It gets worse before it gets better
When I was a young girl visiting my grandmother, my friends took me to the local pool. While there I managed to step on a big shard to glass. Once I got back to my grandmother’s, she was unwilling to look at it seeing as how she had a weak stomach. I knew that glass needed to come out, but being her granddaughter, I too suffer from that same weak stomach. No way was I able to pull it out. So I hobbled next door to my friend with tweezers in hand and her mom went to work on my foot.

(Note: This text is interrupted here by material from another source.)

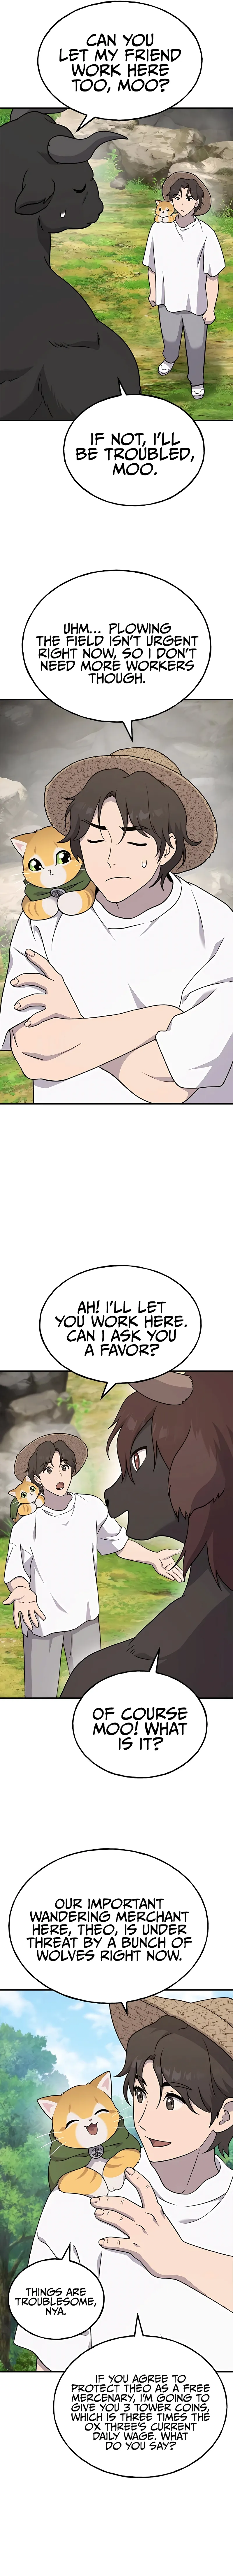 Solo Farming In The Tower Chapter 42 page 10

“Teresa, this is going to hurt worse before I can make it better,” Dot explained. I nodded. What else could I do? I was a girl out of options. So she dug it out, cleaned the wound, bandaged me up and I eventually headed back to my grandmother’s weak-kneed but grateful.
I need to say something terribly difficult so let’s all take a deep breath for a moment. Here’s the hard truth: we are a people who have not bothered to acquire the skill sets necessary to pull shards of glass out of bleeding people AND we have lost the stomach for the work in the process.
This is a terrible thing. Because it leaves us with few good options when those days arrive when it is essential for someone to help us see the deeply wounded parts of us that need to be dug out and disinfected to avoid infection.
In the AA literature “The Twelve and Twelve” someone with a stomach for telling hard truths wrote “that most of the alcoholics under investigation were still childish, emotionally sensitive, and grandiose.” Ouch. And let me hasten to add that this malady is certainly NOT limited to folks with a substance use disorder. This is true for all of us some of the time.
How do you think your own childishness, emotional sensitivity and grandiose thinking has hindered your own ability to live the life of your dreams?